TITLE:
Enhancing Sentiment Analysis on Twitter Using Community Detection
AUTHORS:
William Deitrick, Benjamin Valyou, Wes Jones, Joshua Timian, Wei Hu
KEYWORDS:
Community Detection; Twitter; Social Networks; Sentiment Analysis; SentiWordNet; Walktrap
JOURNAL NAME:
Communications and Network,
Vol.5 No.3,
August
2,
2013
ABSTRACT:
The increasing popularity of social media
in recent years has created new opportunities to study the interactions of different
groups of people. Never before have so many data about such a large number of
individuals been readily available for analysis. Two popular topics in the
study of social networks are community detection and sentiment analysis.

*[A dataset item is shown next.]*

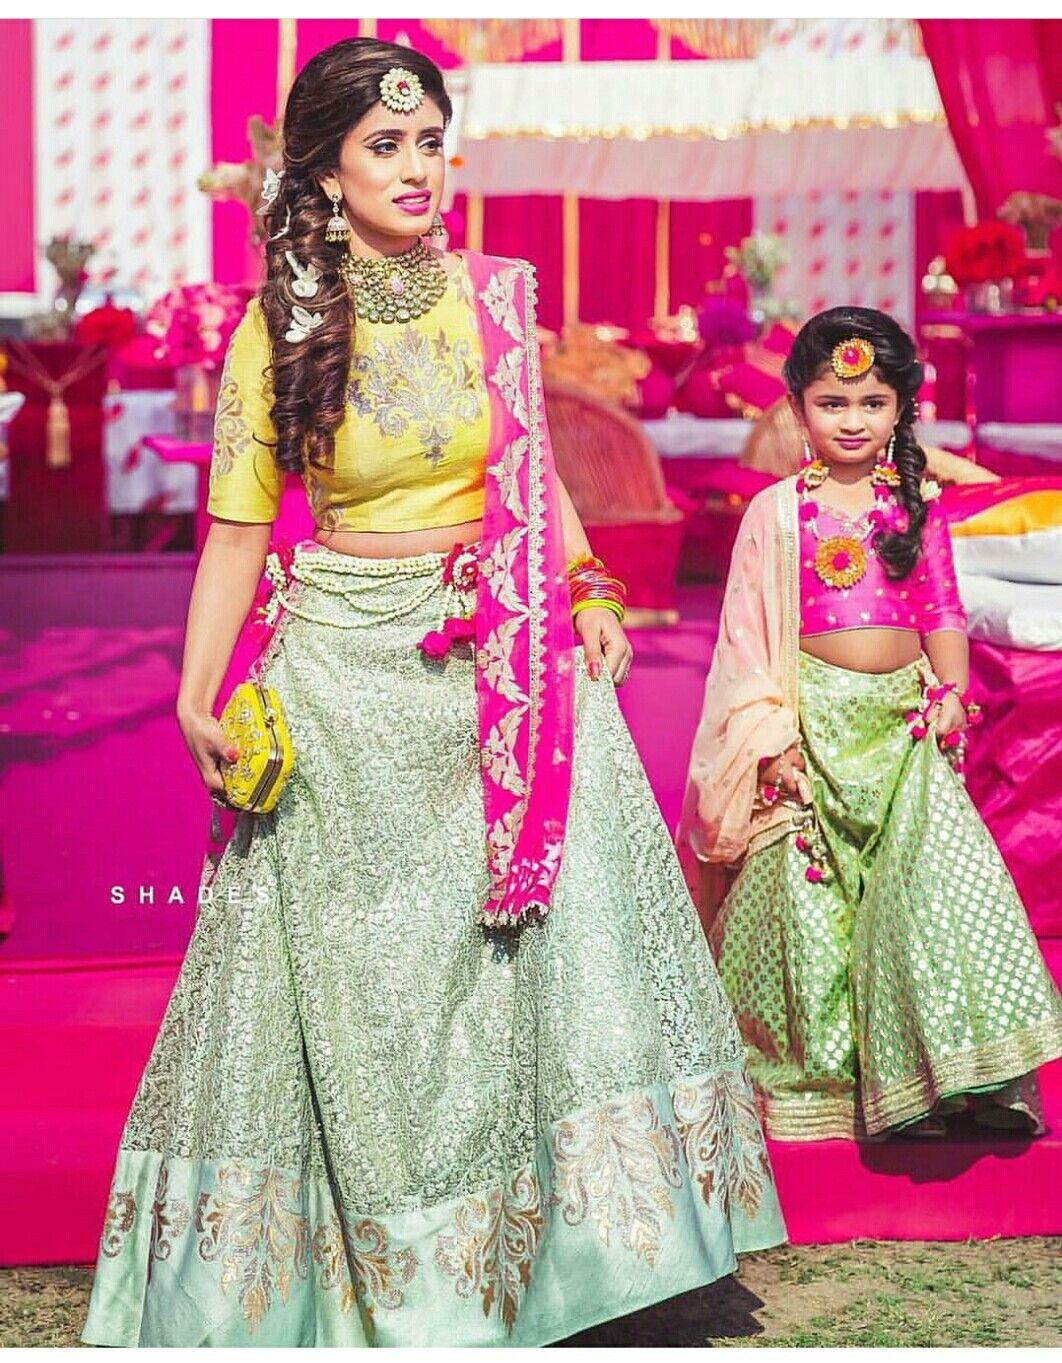 Pin de Sangeeta Vishwakarma en Wedding | Pinterest
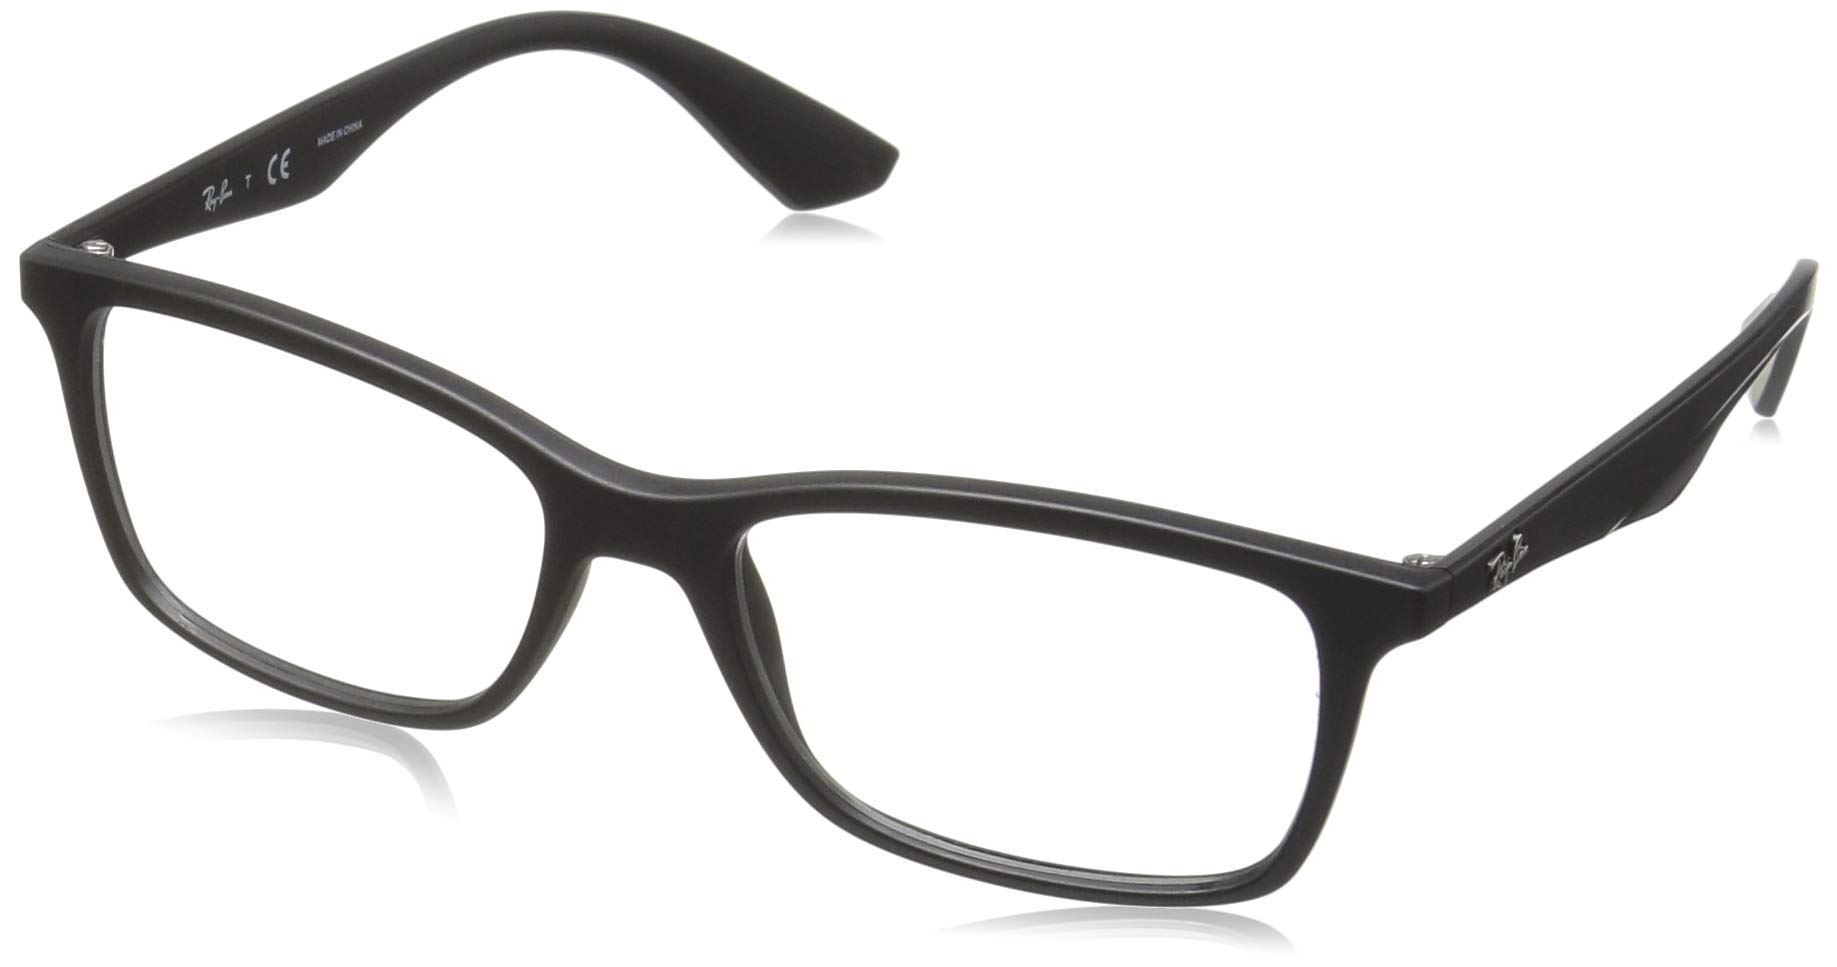 Ray-Ban RX7047 Rectangular Eyeglass Frames, Matte Black/Demo Lens, 54 mm

Community detection seeks to find groups of associated individuals within
networks, and sentiment analysis attempts to determine how individuals are
feeling. While these are generally treated as separate issues, this study takes
an integrative approach and uses community detection output to enable
community-level sentiment analysis. Community detection is performed using the
Walktrap algorithm on a network of Twitter users associated with Microsoft
Corporation’s @technet account. This
Twitter account is one of several used by Microsoft Corporation primarily for
communicating with information technology professionals. Once community
detection is finished, sentiment in the tweets produced by each of the
communities detected in this network is analyzed based on word sentiment scores
from the well-known SentiWordNet lexicon. The combination of sentiment analysis
with community detection permits multilevel exploration of sentiment
information within the @technet network, and demonstrates the power of combining these two techniques.